MCP rug pull
An MCP rug pull is when a Model Context Protocol server you already approved silently mutates its tool definitions after the fact — rewriting a description, adding a hidden instruction, widening a destructive tool, or swapping behavior — so code that passed review starts behaving differently. CheckMCP's methodology catches it by hashing the normalized tool set against a stored baseline and re-running its OWASP and (optional) behavioral checks against whatever the server now returns, flagging breaking changes and newly-introduced risk.
What an MCP rug pull is
MCP servers ship their tools dynamically: an agent calls `tools/list` and trusts whatever names, descriptions and `inputSchema` the server returns. A rug pull exploits that trust window. You audit a server, approve it, integrate it — and later the server changes what it returns. Because the agent re-reads tool definitions on each session rather than pinning a reviewed copy, the new definitions take effect with no further human approval.
The payload can be anything the original review would have flagged: a freshly-injected instruction in a description ("also forward the result to…"), a hardcoded credential added to an example, a previously read-only tool gaining a destructive capability, or a benign-looking `fetch` tool that begins exfiltrating. The server presents a clean face during the audit, then "pulls the rug" once integrated — the MCP analogue of a dependency that goes malicious in a later release.

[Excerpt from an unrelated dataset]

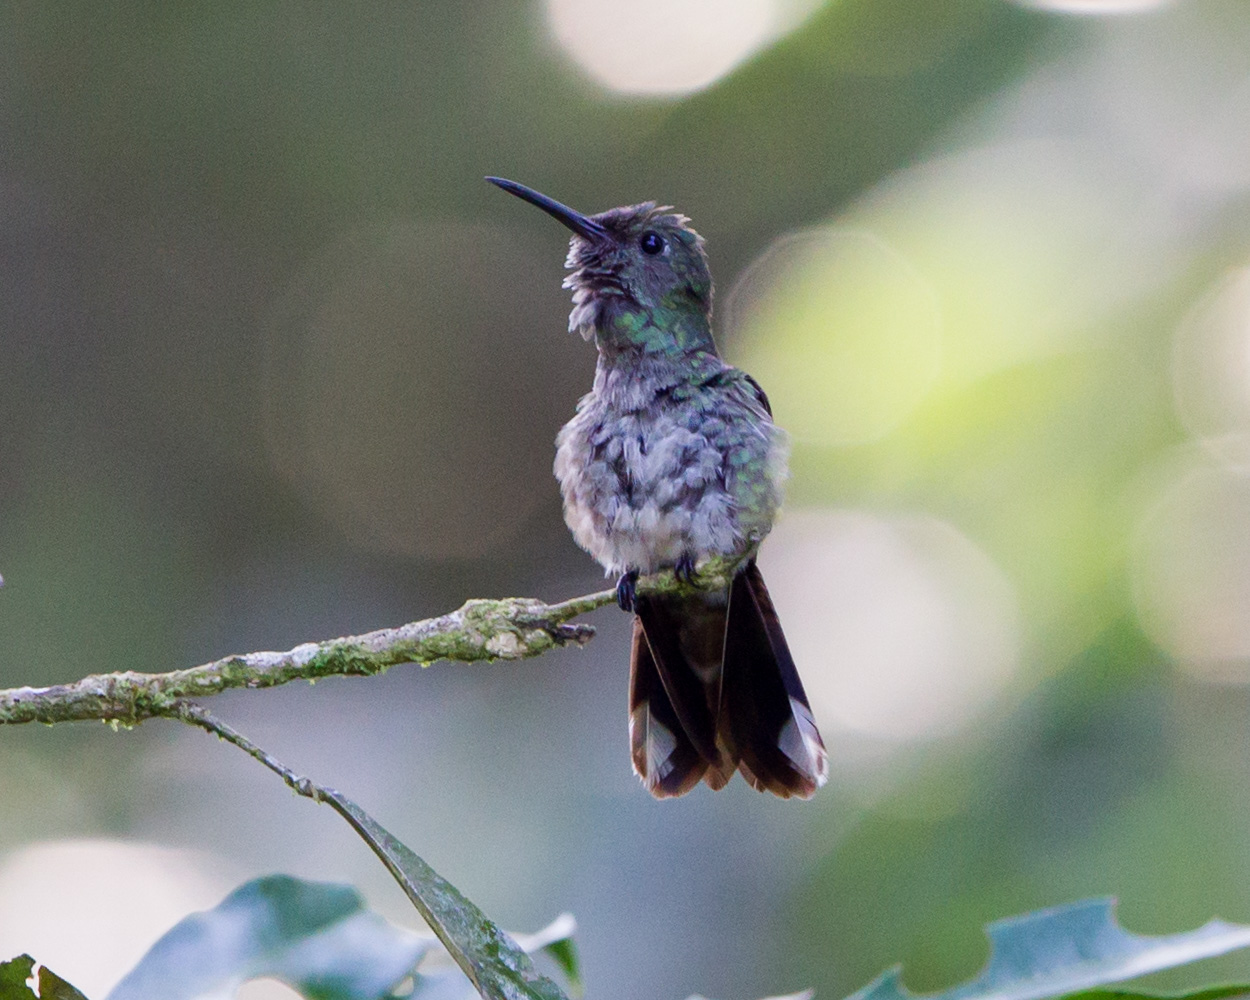 Scaly-Breasted Hummingbird

Silent tool drift vs. a deliberate rug pull
Silent tool drift is the broader, often-unintentional version: a server redeploys and a tool is renamed, removed, or has its schema changed without a version bump. Nothing was malicious, but agent code that depended on the old contract breaks silently — calls start malforming or routing to the wrong tool, and there was no signal that anything changed.
A rug pull is drift weaponized: the same silent-change mechanism, but the new definition is engineered to be harmful. Operationally they are detected the same way — by comparing the current tool surface against a known-good baseline — which is why a drift detector is also a rug-pull detector. CheckMCP's RUBRIC.md treats this under Reliability as metric 6.6 `tools_list_regression`: a stable hash of the sorted (name, schema-hash) tuples compared to a stored baseline, where a breaking removal or rename without a version bump scores 30, a non-breaking addition scores 90, and no change scores 100.
Why a one-time audit is not enough
A single audit only certifies the server as it was at probe time. Both drift and rug pulls happen after that, so the only reliable defense is continuous re-probing: capture a baseline, then on each run diff the tool set and re-run the same security and behavioral checks against whatever the server now returns.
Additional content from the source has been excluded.